Edmund Burke Fellowship Convenes in C-FAM UN Office

By Rebecca Oas, Ph.D.

NEW YORK, January 11 (C-FAM) The academic week of the Edmund Burke Fellowship met this week in C-FAM’s New York office. Named for the 18th century statesman and political theorist, the Fellowship brings together graduate students in law and international relations to hear lectures and attend meetings with UN bureaucrats and diplomats.

The crop of ten Fellows this year came from the United States, Canada, Jamaica and Venezuela. They heard lectures from Professor Jeremy Rabkin of George Mason University School of Law, Professor Paolo Carozza of Notre Dame School of Law, former U.S. Ambassador to East Timor Joseph Rees and Piero Tozzi of Alliance Defending Freedom. The Fellows also met with diplomats from the Russian, U.S. and Holy See Missions to the United Nations.

The purpose of the Fellowship is to identity and equip promising students who may one day work in the fields of international law and international relations and defend the unborn child, the family and national sovereignty.

In his lecture Professor Rabkin contrasted the aspirational nature of international human rights law with the specific obligations of national laws that are backed by taxpayer-funded enforcement systems with police forces, courts, and prisons.  To the American citizen, “international human rights law is a way of abstracting from the circumstances,” Professor Rabkin warned.

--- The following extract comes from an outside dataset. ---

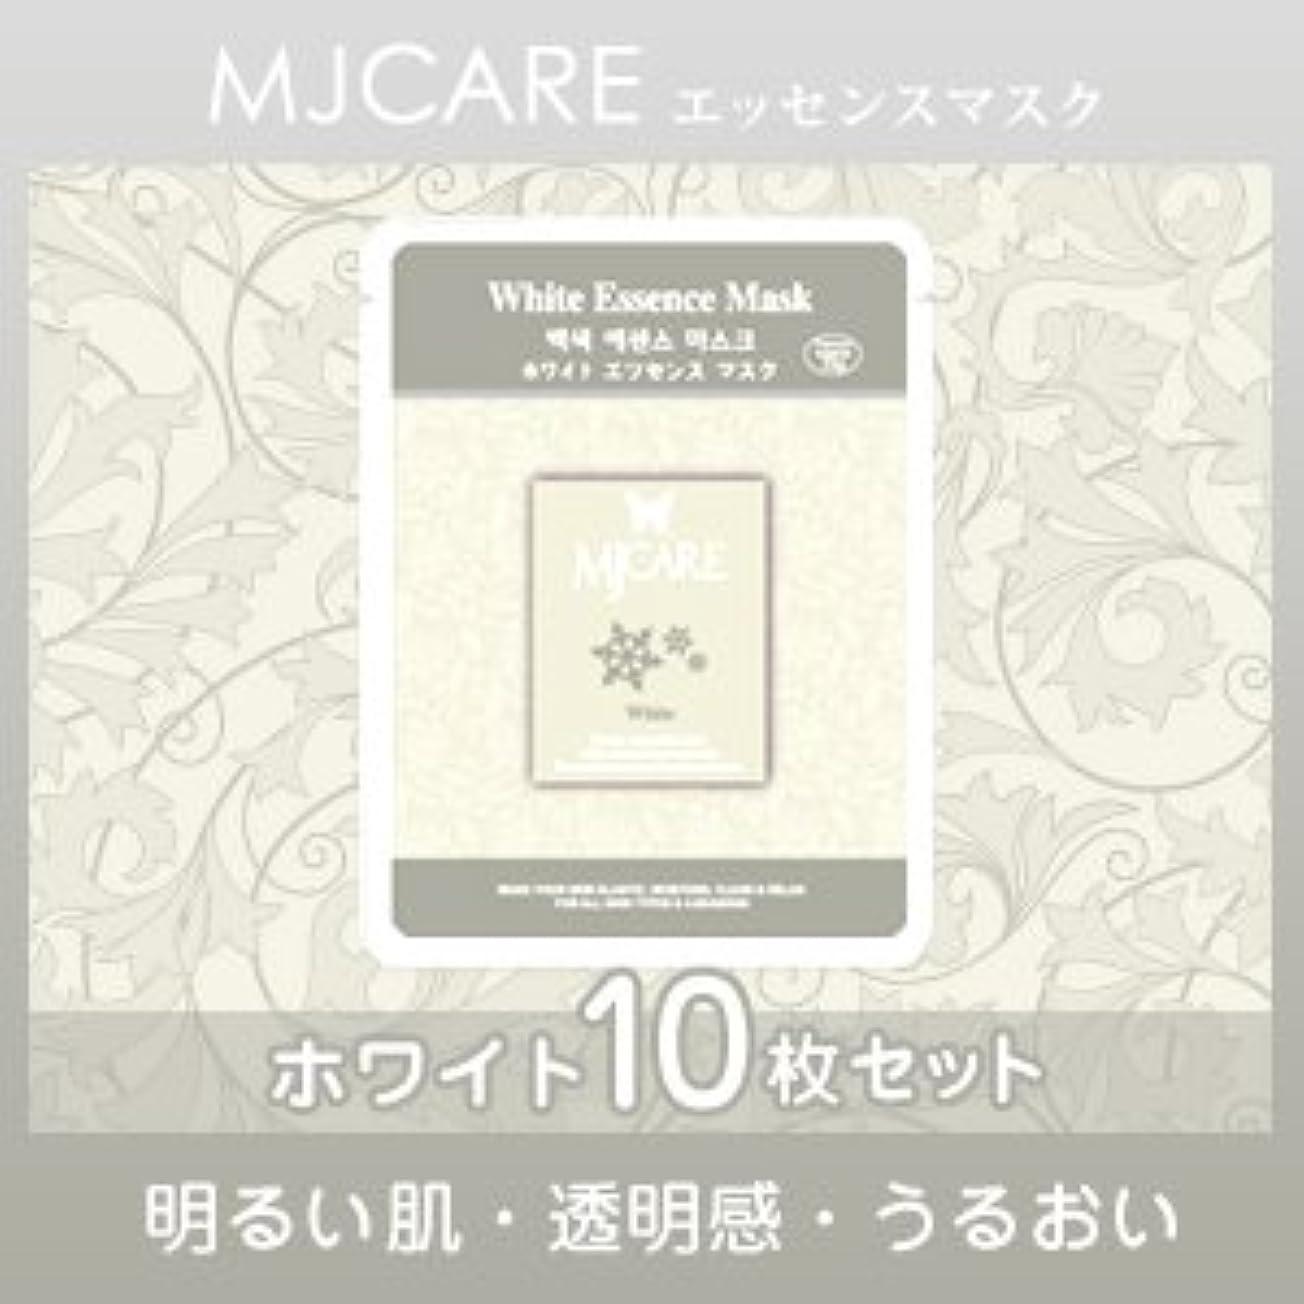 意気込み対応する見物人MJCARE (エムジェイケア) ホワイト エッセンスマスク 10セット

Ambsassador Joseph Rees, who besides being the first US Ambassador to East Timor was also U.S. Representative to the United Nations Economic and Social Council, discussed the history behind the Universal Declaration of Human Rights and the practical realities of international diplomacy.  He stressed that the concept of human rights is not a novel invention, but an aspect of the tradition of natural law with a history extending over a thousand years.

Professor Carozza gave students an insider’s look at regional human rights bodies.  He said that the Inter-American Court’s decision in Murillo v. Costa Rica was, “by a considerable measure, the worst decision on the protection of embryonic human life ever issued an international court. Essentially, they decided that embryos are not persons within the meaning of the American Convention on Human Rights, notwithstanding the language of article four of that treaty that protects life from the moment conception.”  The decision, handed down just weeks ago, found against Costa Rica’s prohibition of in vitro fertilization which the country said was necessary to protect embryonic human life. Carozza also refuted the claim, erroneously made by some on both sides of the abortion debate, that the Inter-American Commission declared Nicaragua’s 2006 ban on abortion to be a violation of international human rights law. Carozza served on the Inter-American Commission of Human Rights from 2006-2010, presiding over the body for one years.

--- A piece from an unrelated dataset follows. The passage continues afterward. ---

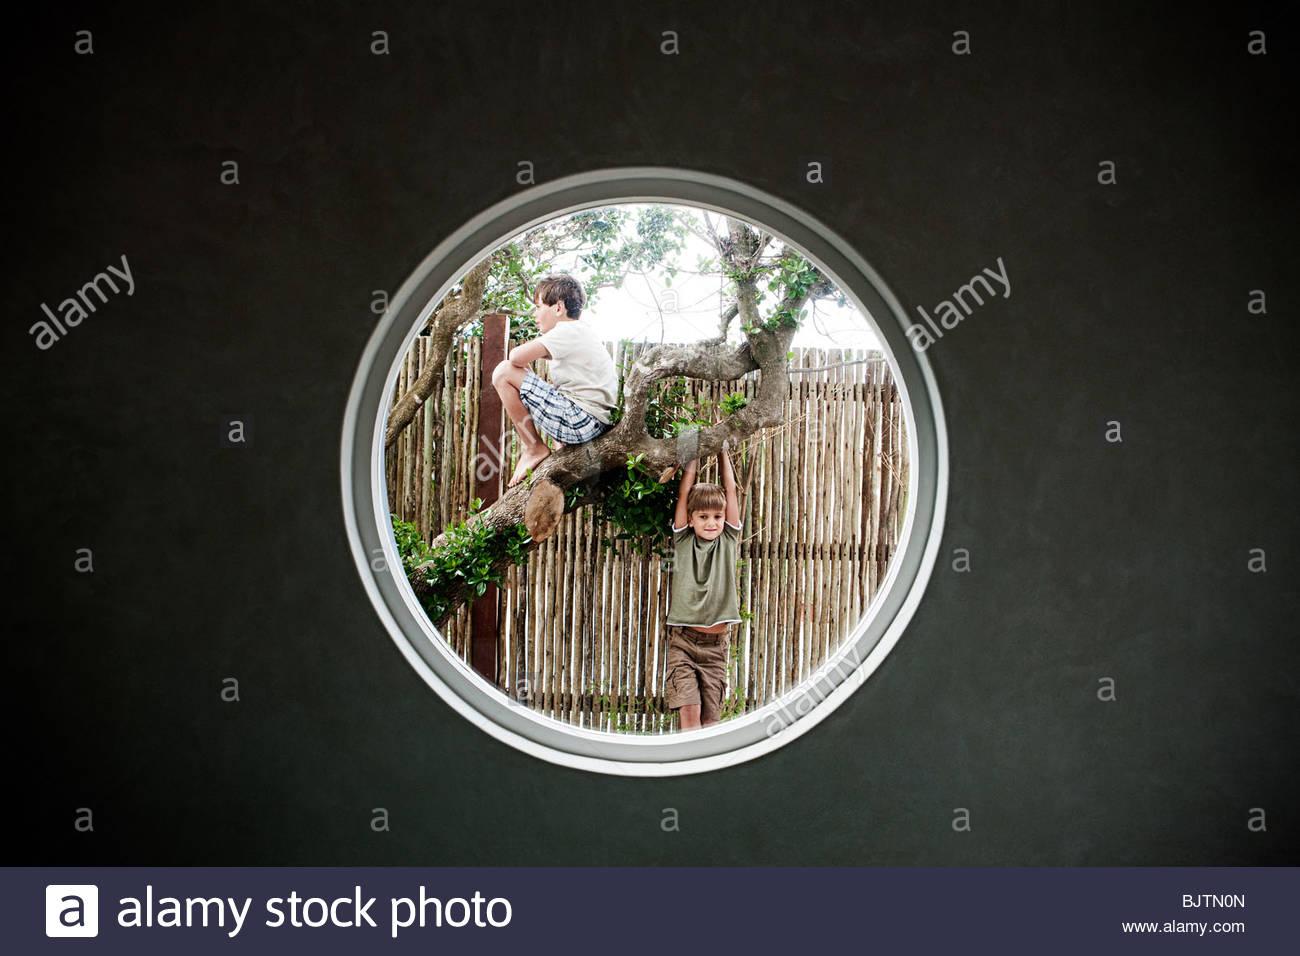 Jungen am Baum gesehen durch Kreis in Wand Stockbild

The intensive schedule of meetings, lectures, and assigned readings culminated in a series of presentations by the Fellows introducing the topics of the papers they will prepare to write, aiming to use their scholarship to advance the defense of life in areas where international law is being used to erode it.  “I’m hoping some of you will really catch fire and want to continue this work professionally,” said C-FAM president Austin Ruse as he welcomed the Fellows.

The program’s focus is defense of life in the context of international law, according to Stefano Gennarini, the Director of C-FAM’s Center for Legal Studies.  “We’re working to restore the integrity of human rights project, which has been undermined by efforts to hijack it.”